I’ve never watched Jersey Shore – a “reality” show that follows the “lives” of a group of young Italian-Americans devoted to partying – and I have no intention of starting now. There may be a split second amusement factor to be had from watching any given episode, but sixty minutes of a bunch of not very bright, clever, interesting, or attractive folks get in each others grills… well, no thanks. From what I gather, the Jersey Shore’s cast makes that princess of vapidity, Paris Hilton, look brainy and accomplished. No small task, that.
Jersey Shore world curiosity apparently revolves around GTL location – i.e., the gym, tanning parlor, and laundromat – and one of the cast members, a lunkhead nicknamed The Situation, is selling an iPhone app that includes a GTL Finder. It is currently on the Apple Top 10 money maker list.
Now I wouldn’t expect The Situation to put his name on an app locating, say, the nearest library, bookstore, or volunteer opportunity. And the GTL Finder, I suppose, has some type of appeal, however ephemeral, to show fans. It also has a smidgen of amusement factor – that is, if The Situation is poking a bit of fun (ho-ho!) at his own narcissistic absorption with GTL.
But the app goes one step further, and includes a game called Grenade Dodger.
A grenade, in Situation-speak, is an unattractive woman – someone The Situation would want to avoid – and the game features pictures of real women, snapped at clubs that The Situation frequents.
Grenade Dodger requires the player to avoid unattractive women, so to get the gritty realism desirable in an iPhone app, Sitch’s crew went to the clubs to snap photos of “3’s and 4’s”, using those photos to provide the game with the requisite elephants and uggos…all without the women knowing they were going to be grenade-ified. (Source: The Fab Life.)
The “point” of the game is for the player to manipulate The (virtual) Situation so that he won’t get hit by a grenade, i.e., a picture of one of the women.
Well, Grenade Dodger may be turning into Grenade Launcher, as one of the grenades is considering a lawsuit.

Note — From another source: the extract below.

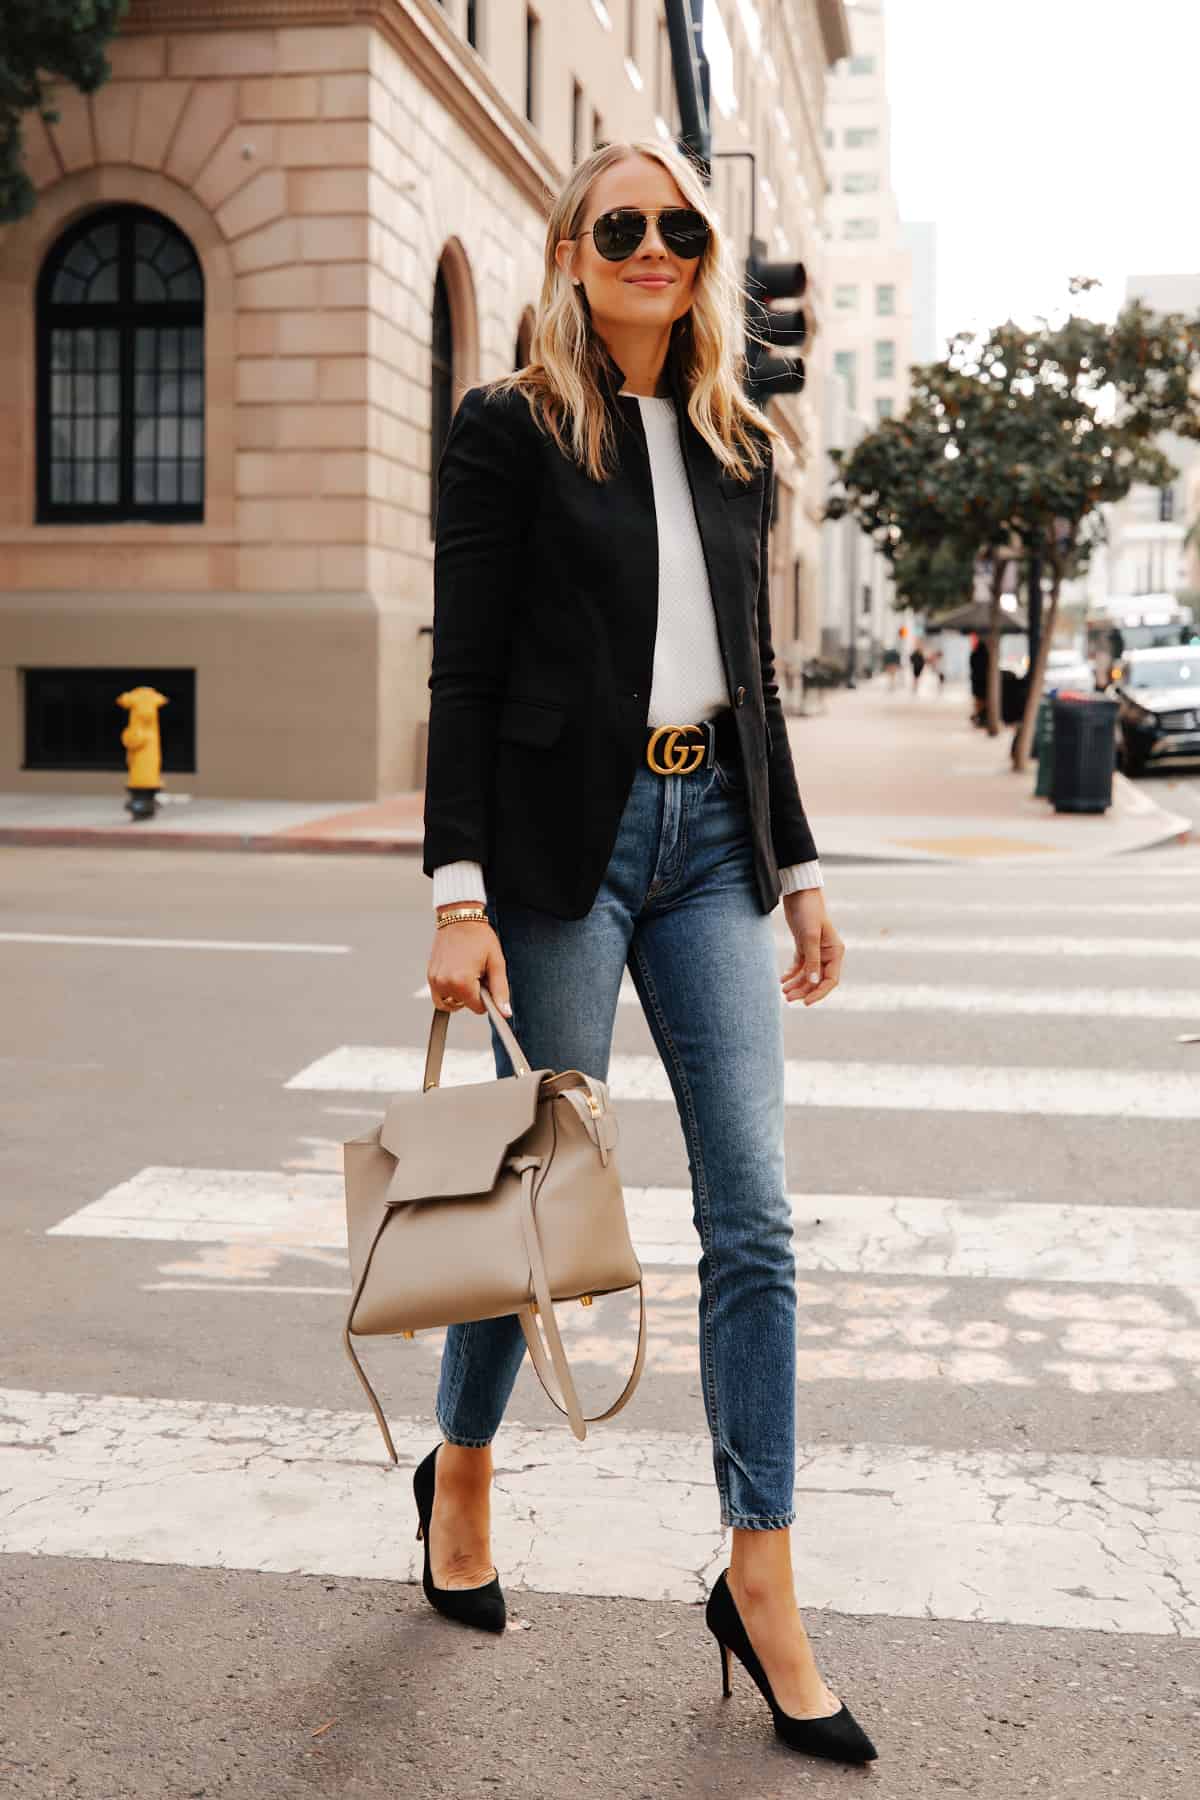 image of a woman wearing a black blazer, white top, jeans with a Gucci belt and black pumps

I’m guessing that any one who hangs around the same clubs as The Situation does buys in, to some extent, to the Jersey Shore ethos – that the world revolves around GTL and clubbing. Still, these women aren’t public figures, and it is supremely distasteful to me (and, I’m guessing, supremely wounding to at least some of the “grenades”) that they have become the butt of a cretinous iPhone joke.
Where to begin on how dreadful, how crass this is? Cruel, misogynist, nasty, unfunny, mindless.
I’m quite sure that The Situation didn’t program this app himself, unless he’s got some hidden talents as a techie. But he lent his name to it – and he’s no kid. He’s in his late twenties, and he still thinks this moronic, drunken frat boy stuff is funny?
Grow up, why don’t you?
I read that The Situation has made $5M this past year.
The only positive I can take from this is that, as the middle class shrinks, the likes of The Situation provides play-the-lottery type hope to ill-educated, talent-less, purpose-less stupes. Bread and circus, served on a platter. What a country!
Of course, any publicity that attends the law suit will likely cause more jerks to buy The Situation’s app, further lining his pockets and – as if it could get much worse – further debasing the culture. Is it any wonder that we have more eating disorders and bullying incidents per square inch than any place else on the globe?
As for The Situation, all I can say is you’d best be saving your $5M.
Sure, you’ve gotten more than your 15 minutes of fame, but fast forward to couple of years. Is showing off your six-pack and demeaning women how you want to spend the rest of your life?
What do you want your career to be at forty? Washed-up nothing?
I hope the women all sue, and that the settlements take a big chunk out of The Situation’s walking around money.
Pink Slip to The Situation: A pox on your nasty little iPhone app.